The UK now has two months to reply to the letters from Brussels demanding "swift remedial actions to restore compliance with the terms of the Protocol".
The European Commission on Friday launched four new infringement procedures against the UK over the implementation of the Northern Ireland Protocol.
The EU's executive accuses London of failing to comply with the applicable customs requirements, supervision requirements and risk controls on the movement of goods from Northern Ireland to Great Britain.
It also says the UK government has failed to implement EU rules on Value Added Tax (VAT) for e-commerce and failed to notify that they will implement EU rules related to indirect taxes, in particular on alcohol and alcoholic beverages.
In short, the UK is not providing the EU with export declarations Northern Ireland businesses are supposed to fill in when sending goods to Great Britain, including for controlled goods subject to prohibition and restrictions.
"This is of course very important to so that to ensure that the EU can comply with its own international obligations in relation to prohibitions and restrictions on the exports of goods to third countries. The UK, as of today, has not implemented these requirements," Commission spokesperson Ariana Podestà said.
The UK government, which described the new procedures as "disappointing", now has two months to reply to the letters from Brussels demanding "swift remedial actions to restore compliance with the terms of the Protocol".
If the reply is unsatisfactory, the Commission could then refer the matter to the European Court of Justice.
Draft bill vs infringement procedures
These four new infringement procedures add to the three already launched last month.
These were related to the UK's draft bill to unilaterally override parts of the international treaty, the continued lack of infrastructure and staffing to carry out customs checks in the UK, and London's failure to share trading data as required under the Protocol.
The British legislation unveiled last month and currently making its way through parliament would override parts of the agreement by creating so-called green and red channels to waive customs checks for goods travelling between Great Britain and Northern Ireland and are intended for the Northern Irish market only.

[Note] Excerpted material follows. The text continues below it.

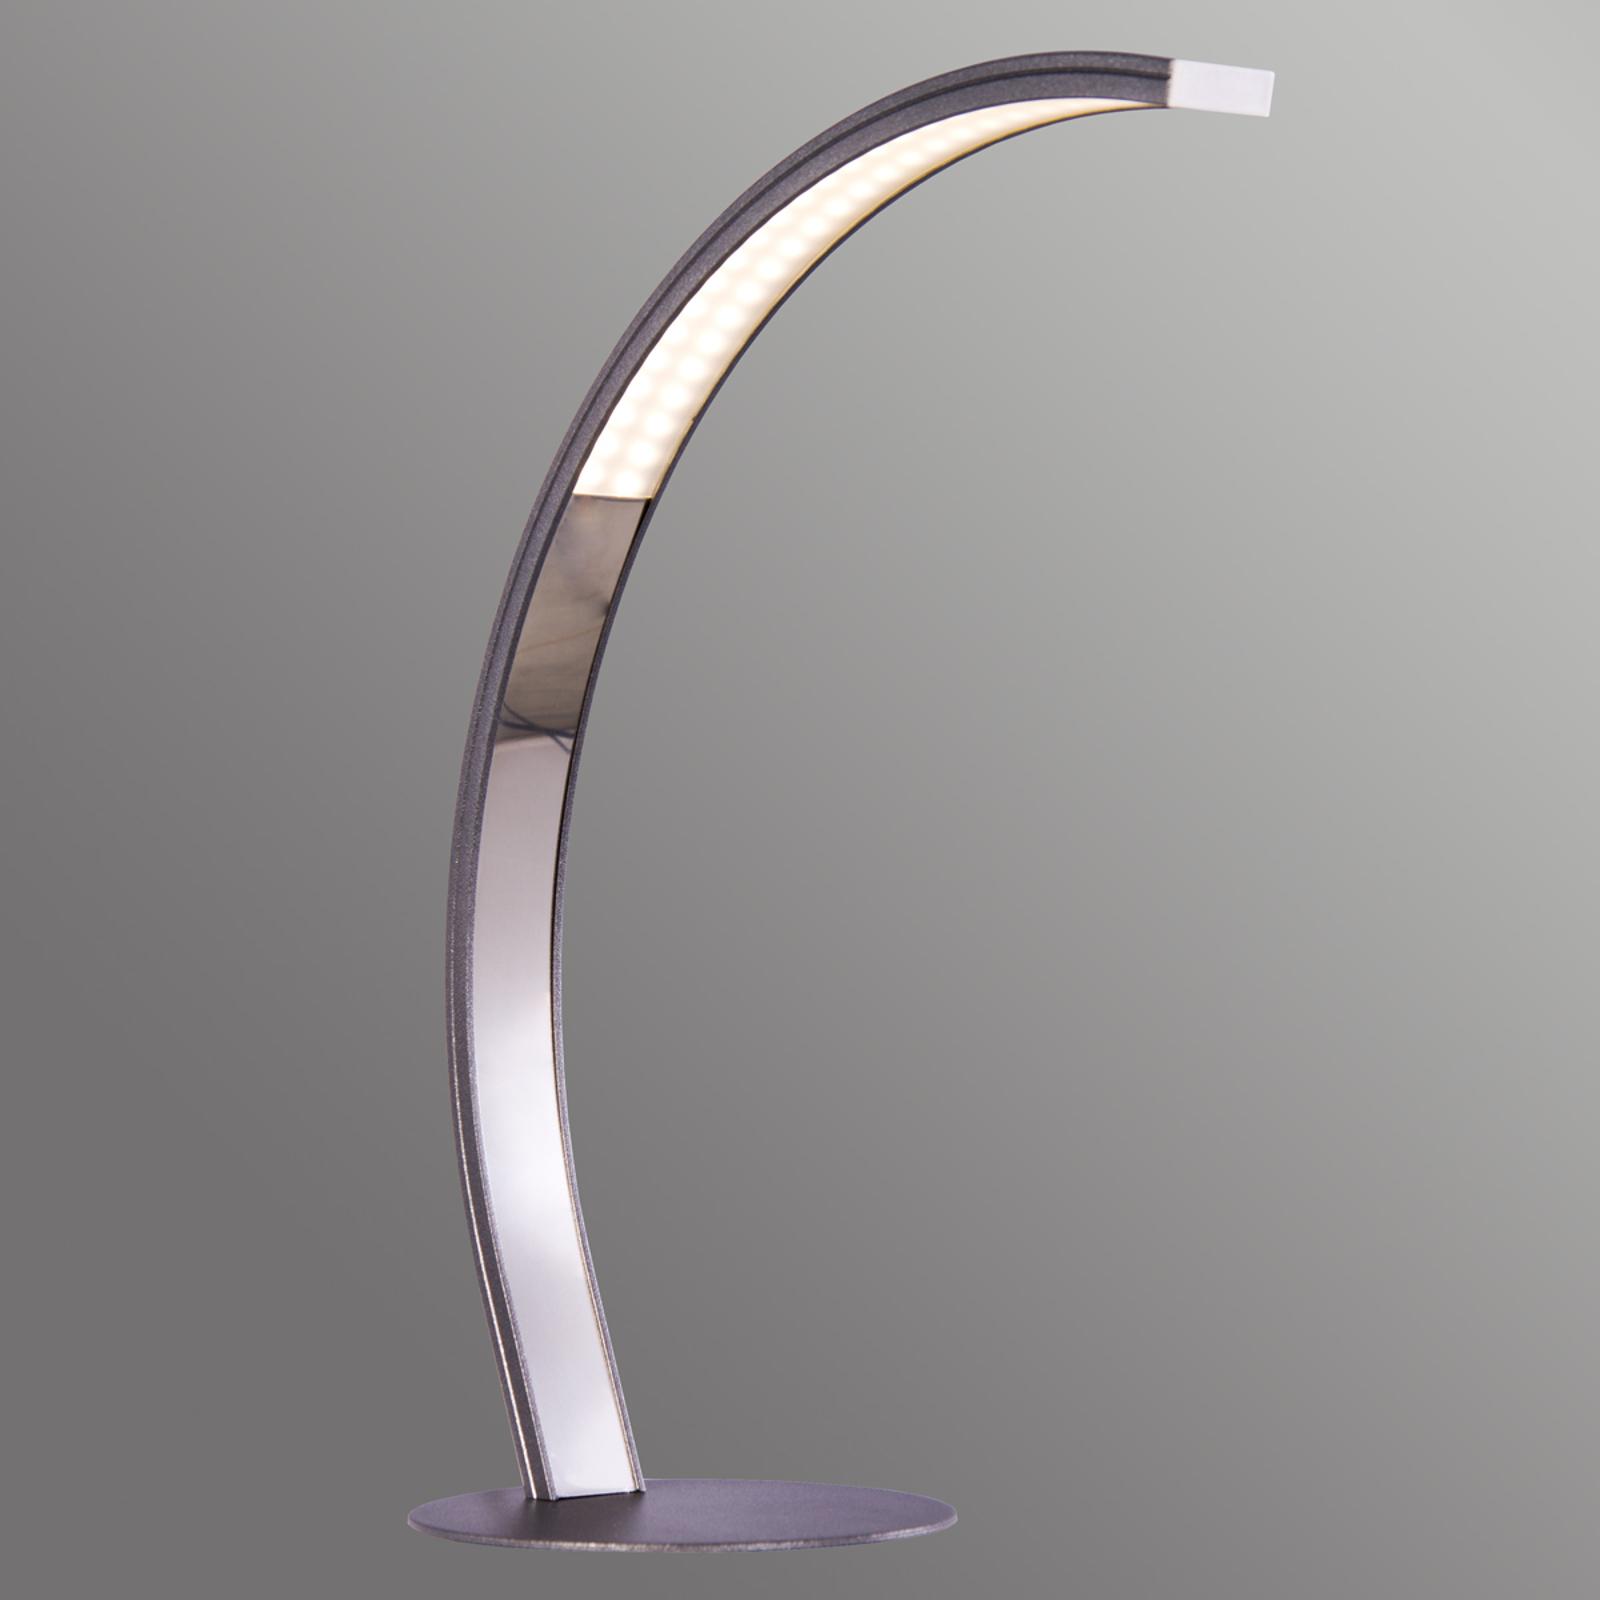 Lampe à poser arquée LED Largo

It has been branded "illegal" by Brussels.
The Commission confirmed on Friday that they have not yet received a reply from the UK.
The Northern Ireland Protocol -- a key Brexit agreement that leaves Northern Ireland within the bloc's Single Market-- has been a source of continued strife between London and Brussels since the UK officially left the European Union on 1 January 2021.
The UK government, which negotiated and agreed to the protocol, now says it endangers the Good Friday Agreement it was made to protect and which ended decades of bloody sectarian violence in Ireland.
London demands that the whole treaty be renegotiated which Brussels has steadfastly rejected, calling for solutions to be found within its framework.
EU has 'bent over backwards'
Brussels' new infringement procedures come in the midst of a leadership contest in the UK to replace Prime Minister Boris Johnson who resigned two weeks ago after a mass walkout of ministers over his handling of several scandals into lockdown-breaking parties held at Downing Street and inappropriate behaviour by some of his MPs.
Only two people are now left in the running: former Chancellor Rishi Sunak and Foreign Minister Liz Truss who is also in charge of Brexit.
Eric Mamer, the Commission's Chief Spokesperson, stressed to reporters that the EU's executive "launches infringement when it considers that the conditions are met and when it is ready to do so."
He said that Brussels has "been extremely patient" and has "engaged with the United Kingdom over a very long period of time" to find solutions.
"We have bent over backwards in terms of making proposals to solve these issues. We are still in the situation where in fact the UK is not implementing its part of the deal in respect of many of the variables," he went on.
"If we thought that the prospects were great of sitting together on Monday and coming to a solution, we would not be launching the infringements, right? That's the logic."
A UK government spokesperson meanwhile said that they "will review the EU’s arguments and respond in due course."
"It is disappointing that the EU has chosen to bring forward further legal action, particularly on goods leaving Northern Ireland for Great Britain which self-evidently present no risk to the EU single market.
"A legal dispute is in nobody’s interest and will not fix the problems facing the people and businesses of Northern Ireland. The EU is left no worse off as a result of the proposals we have made in the Northern Ireland Protocol Bill," they added.